É desnecessário repetir os argumentos em contrário, do ponto de vista moral, apresentados desde então. Aliás, especialistas renomados na área duvidavam que Richard Seed, que afirmava ter obtido doutorado de Física na Universidade de Harvard (e que, portanto, sequer é biólogo) reunisse conhecimentos técnicos suficientes para empreender a experiência. E o tempo mostrou que não reunia mesmo. Tanto que não conseguiu clonar nenhuma pessoa. Fica a dúvida se tentou ou não fazer isso e, em caso positivo, no que resultou sua tentativa, certamente frustrada.

Os pesquisadores do instituto PPL fracassaram em pelo menos 277 tentativas, antes que Dolly pudesse ser "produzida" e só obtiveram êxito na 278ª. De qualquer forma, a intuição "me cochicha" que um dia, em algum lugar, com respaldo legal ou sem ele, e por mais hediondo, perigoso e desnecessário que seja esse procedimento, alguém vai tentar (se é que já não tentou) e terá êxito, produzindo "replicantes" humanos.

É a vida copiando a ficção, como no caso do submarino nuclear Nautilus, preconizado por Júlio Verne em seu livro “Vinte mil léguas submarinas” – que se materializou, em 1953, nos Estados Unidos, com o lançamento ao mar do primeiro submergível movido a energia atômica, batizado com o mesmo nome da máquina imaginada pelo escritor francês, comandada pelo Capitão Nemo, e que hoje se tornou coisa trivial – e de tantos e tantos outros inventos, que concretizaram a imaginação de ilustres e delirantes ficcionistas.

A esse propósito, o biólogo, filósofo e historiador francês Jean Rostand já havia previsto – e a previsão consta no "The People's Almanac", de David Wallace e Irving Wallace, publicado em 1973 nos Estados Unidos – a possibilidade de clonagem, inclusive de pessoas. "A partenogênese, reprodução por meio de um gameta não fecundado, será algum dia possível. Poderemos então ter tantas cópias exatas de um homem excepcional quantas desejarmos", afirmou o cientista na ocasião. Na época, ou foi ignorado pela maioria, ou não foi levado a sério. Deveria sê-lo.
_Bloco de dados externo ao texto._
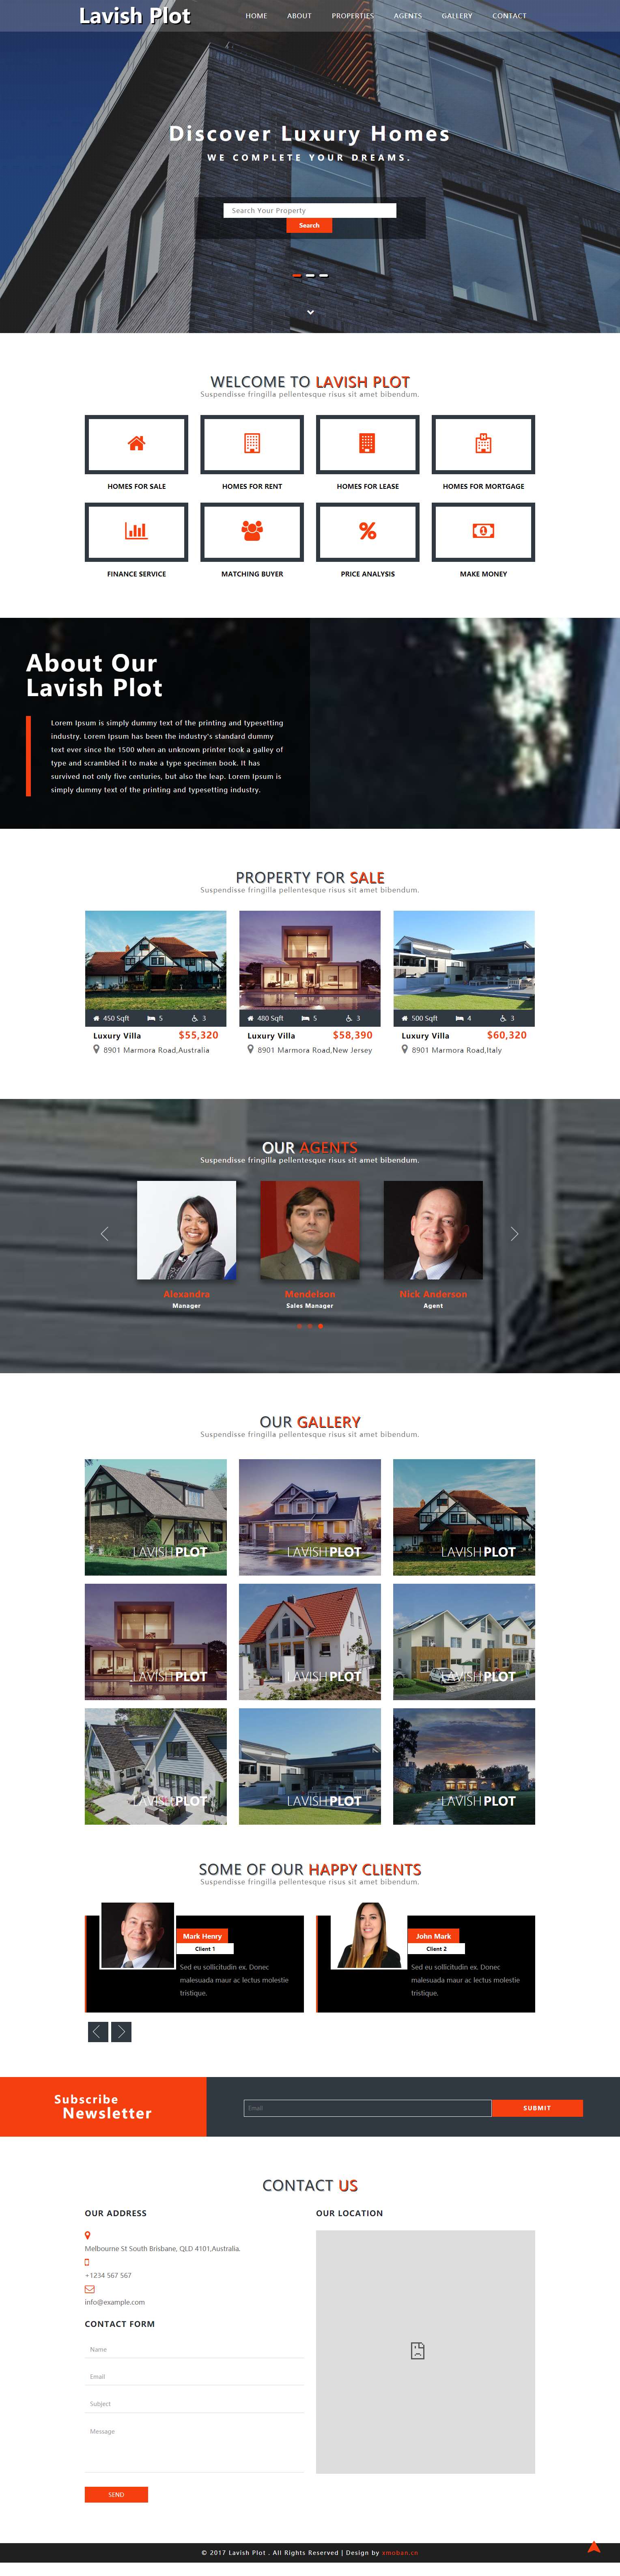 橙色欧美风格的房地产企业网站源码下载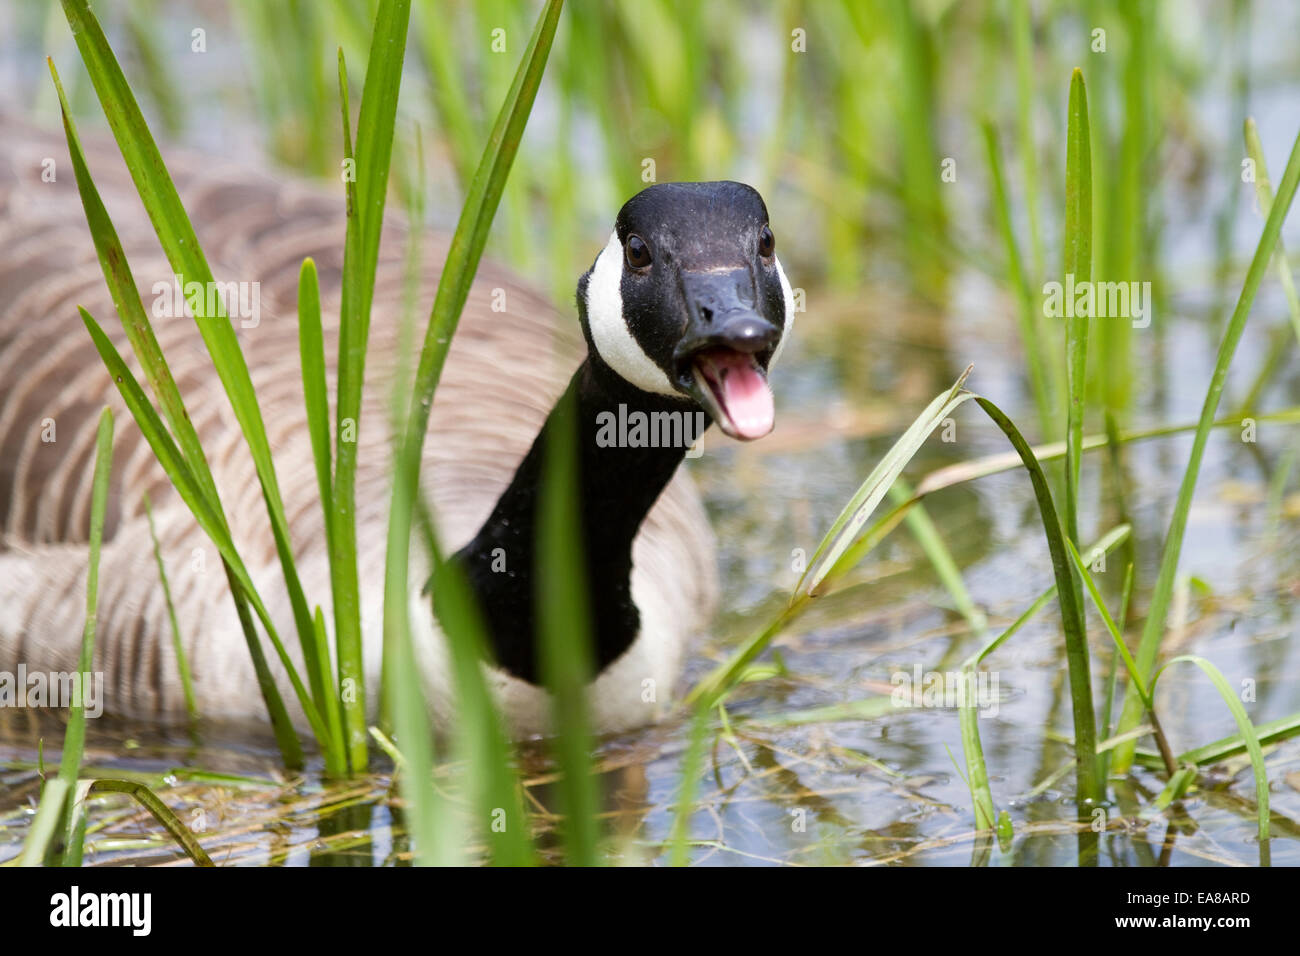 Canada Goose nuoto attraverso le lamelle verso il sibilo della fotocamera. Il suo becco è aperto e si può vedere la sua lingua. Presi al di fuori Foto Stock

Lamenta-se que preciosos (por serem escassos) recursos, que deveriam ser destinados a pesquisas mais relevantes e urgentes de maneiras de curar doenças e de acabar com a fome e a miséria, sejam desperdiçados para que alguns "brinquem" de ser Deus. O maior problema no mundo contemporâneo, reitero (e sequer seria necessária tal reiteração, tão óbvia que é) não é o da falta de pessoas. É exatamente o contrário: o da superpopulação. E, pior, esse excesso de gente ocorre exatamente nos países mais miseráveis e injustos do Terceiro Mundo que não têm condições de sustentá-lo. Tudo isto, claro, com os nascimentos ocorrendo pelos processos naturais! Imaginem, então, o que pode ocorrer caso se “ajude” a natureza nessa tarefa de reprodução! Seria o caos!!!

Onde abrigar tantas pessoas? E não somente isso, mas como as alimentar, vestir, educar, lhes dar uma função etc.etc.etc.? É, convenhamos, não dá certo o homem querer brincar de Deus! Não funciona. Jamais funcionou ou funcionará. Aliás, essa "pretensão à divindade" foi até explicitada por Richard Seed para justificar sua tentativa de clonar seres humanos. "Seguimos o caminho de nos tornarmos Deus. Vamos ter quase tanto conhecimento e poder quanto Deus", ele afirmou na citada entrevista, que tanta celeuma causou há quinze anos, antes que o tal cidadão voltasse ao ostracismo, depois dos seus muitos mais do que “quinze minutos” de fama. É esse tipo de mentalidade que chega a ser arrepiante quando se lida com o maior mistério da natureza: o da vida.